Carbon deposition analysis by TPO determined after the above activity testing indicates that indeed the two exsolved samples have similar amount and type of carbon deposition (Fig. 3d) although still minimal in terms of quantity and consistent with the carbon balance (Fig. 4e).

Comparison to the state-of-the-art material for CH₄ conversion, Ni/Al₂O₃ catalyst, shows that the coke deposited on that sample is almost two orders of magnitude higher than the perovskite materials tested in this work (3 vs. 100 mg_carbon/g_sample) over a similar temperature range. The TPO experiment revealed that the carbon on these samples is gassified at different temperatures from 350 to 750 °C, which are typically assigned in the literature to highly crystalline and fibrous carbon profiles (Fig. 4d).^32–34 Specifically, the infiltrated sample has three different kinds (indicated by the three main peaks in the TPO experiment) while only one is present for the exsolved samples (Fig. 4d).

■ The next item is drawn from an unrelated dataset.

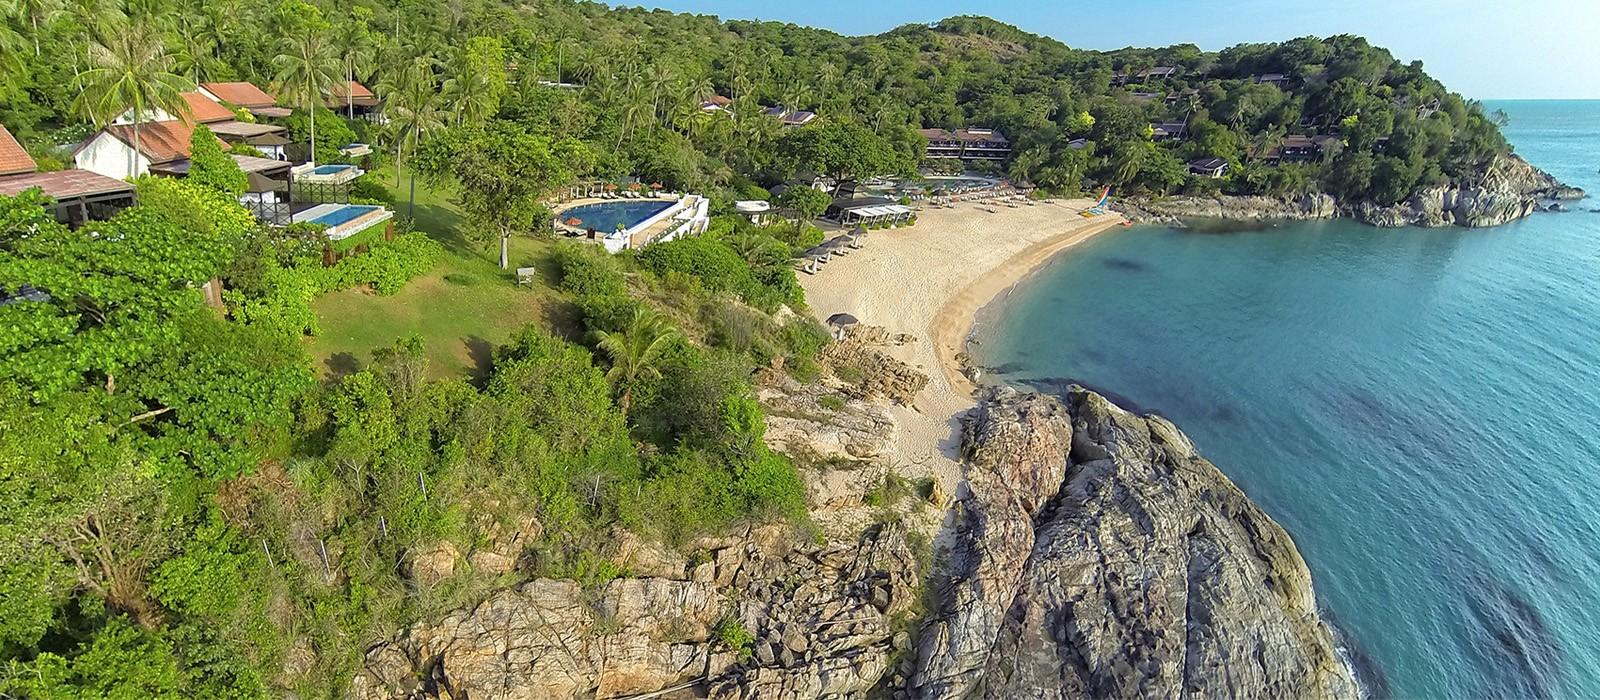 Header - Tongsai Bay Koh Samui - Luxury Thailand Holidays

SEM image analysis (Fig. 4f) before and after testing as well as after TPO for both samples shows that all particles retain their position and size after the full redox cycle. The image of the tested sample is characteristic of the negligible amount of carbon deposition on the samples' surface proving that exsolved materials display high tolerance to coking even under harsh reaction conditions. Another interesting point from the SEM images is that oxidised particles are affected by what is known as the Kirkendall effect, generally characteristic of Co nanoparticles.¹⁴ The Kirkendall effect leads to the formation of hollow-core nanoparticles on oxidation due to outward migration of metal ions instead of inward diffusion of oxide ions.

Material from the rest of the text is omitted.